In einer überraschenden Fragerunde mit Cardano Gründer Charles Hoskinson äußerte er seine Ansichten zur umstrittenen Kryptowährung Libra von Facebook und wie diese bei US-Gesetzgebern ein Gefühl der Besorgnis hervorgerufen hat.
Seit geraumer Zeit sieht sich der vom Pech verfolgte Stablecoin Libra massiver Kritik und zahlreichen Fragen seitens der US-Regulierungsbehörden ausgesetzt, die nicht nur den lang erwarteten Start verzögert, sondern das Projekt Erliegen
AMA mit Cardano Gründer: Subtile Seitenhiebe gegen die US-Regierung
Hoskinson hält die übermäßige Einmischung US-amerikanischer Regierungsbeamter in die Entwicklung von Kryptowährungen für übertrieben. Der Grund für die Bedenken der Politiker gegenüber Kryptowährungen und deren breiter Akzeptanz liegt in der Infragestellung der Dominanz des US-Dollars.
Seinen Angaben zufolge wollen Politiker durch die Einladung von Wettbewerbern nicht die Ursache finanzieller Unsicherheit in ihren Ländern sein. Daher beharren viele von ihnen auf dem Monopol des US-Dollars und behaupten, er sei die einzige globale Reservewährung.
Hoskinson prangerte auch den Machtmissbrauch durch Regierungsbeamte und Abgeordnete an. Er ist überzeugt, dass ihnen verliehene Macht mit hoher Wahrscheinlichkeit missbraucht wird, und die einzige Möglichkeit, dies zu überprüfen, besteht darin, die Akzeptanz von Kryptowährungen voranzutreiben. Der chinesische Yuan, der Euro, das Pfund Sterling und der US-Dollar sehen sich einer ständigen Bedrohung ausgesetzt, sollten Kryptowährungen weltweit akzeptiert werden.

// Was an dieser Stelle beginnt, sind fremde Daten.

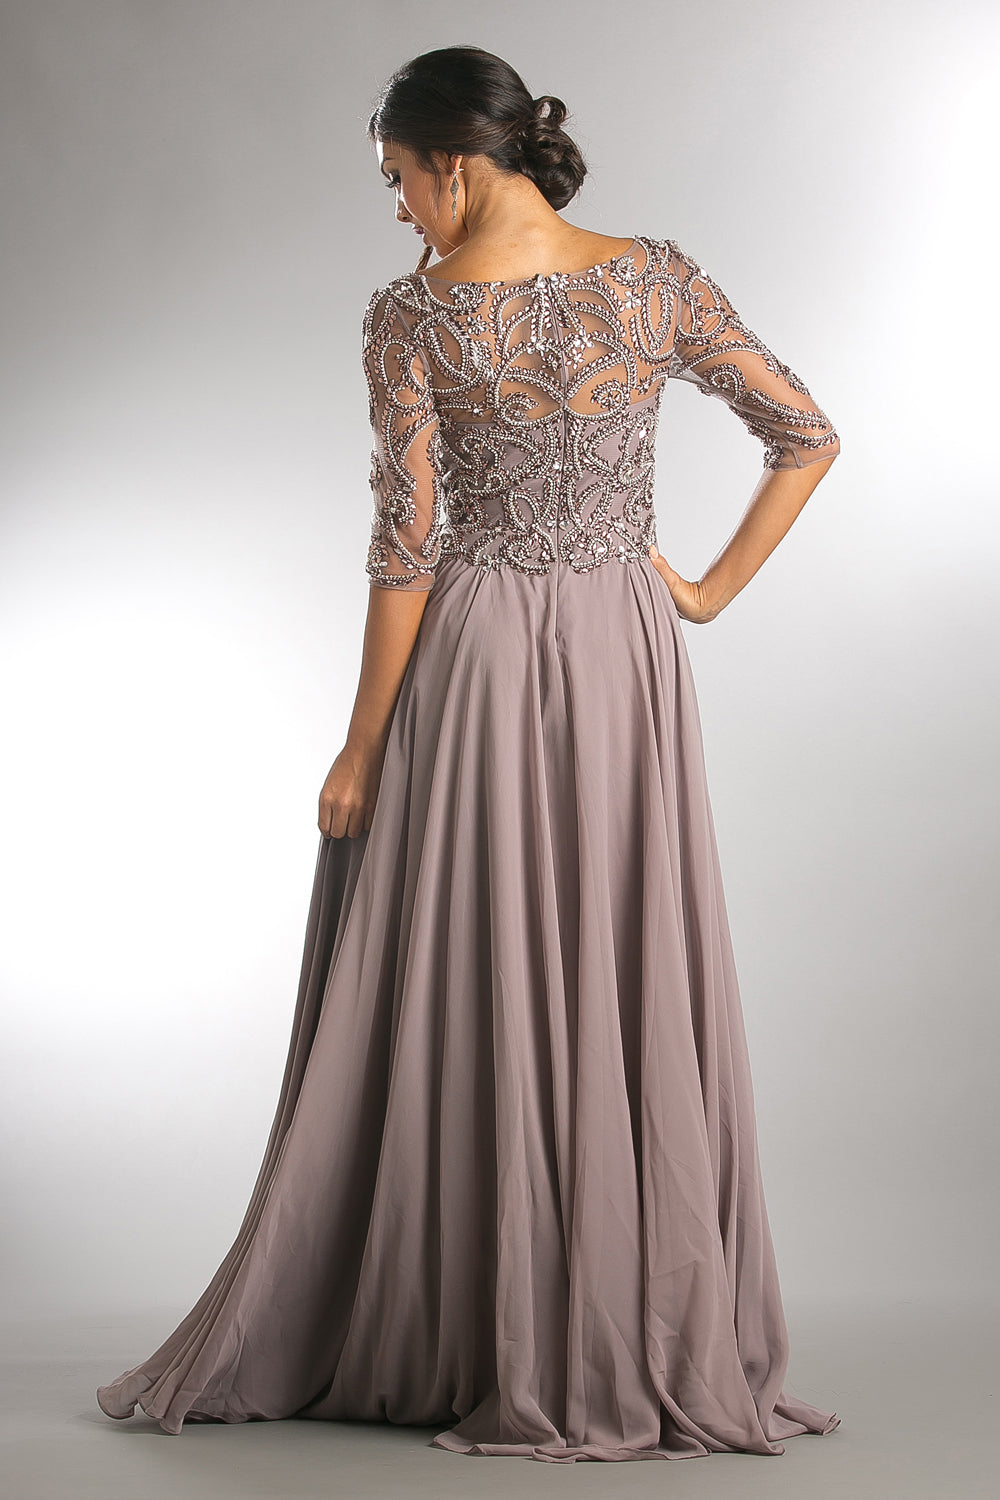 Beaded 3/4 Sleeve V-Neck Chiffon Gown by Amelia Couture 7046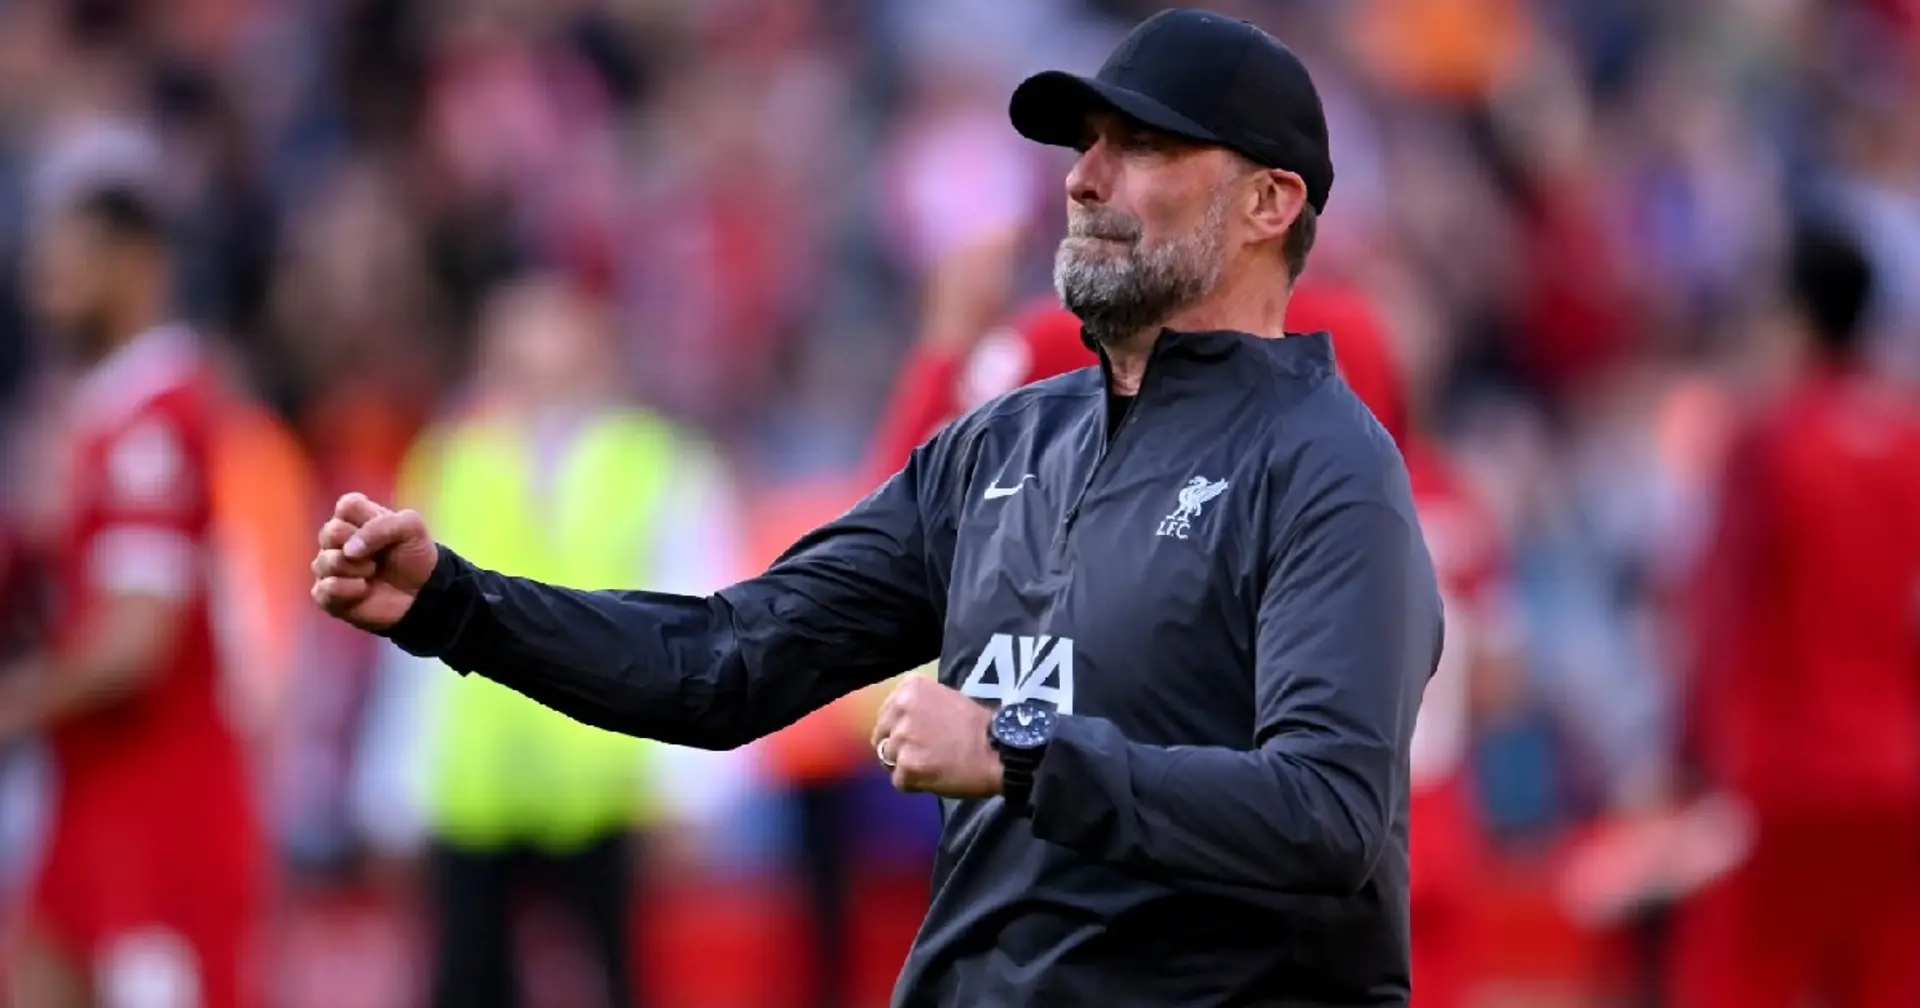 'If the next manager doesn't like it, I couldn't be bothered': Klopp promises to do one thing after he leaves Liverpool

Kryptowährungen sind der Weg in die Zukunft, behauptet Hoskinson.
Bislang haben sich virtuelle Währungen als vielversprechender Wegbereiter für zahlreiche institutionelle Verbesserungen erwiesen. In diesem Zusammenhang äußerte der Kryptowährungsexperte seine Überzeugung, dass intelligente Zahlungslösungen , superschnelle und sichere Transaktionen sowie die Ergänzung bestehender Programmiersprachen nur durch Kryptowährungen möglich sein werden.
Der ehemalige Ethereum -Mitbegründer zog zudem eine Parallele zwischen der ungerechtfertigten Einmischung von Regierungen in die Entwicklung von Kryptowährungen und der Tschernobyl-Katastrophe in der Sowjetunion. Eine der schlimmsten Nuklearkatastrophen der Geschichte habe die Korruptionsanfälligkeit der Sowjetunion schonungslos offengelegt. Daher sei sich die Öffentlichkeit der fragwürdigen Machenschaften der Regierung vollkommen bewusst, so seine Behauptung.
Obwohl die Fragerunde damit begann, dass die Regierungsbeamten ins Kreuzfeuer gerieten, beendete Hoskinson die Sitzung mit einer positiven Note, indem er erklärte, dass Kryptowährungen die Welt zu einem viel besseren Ort machen könnten.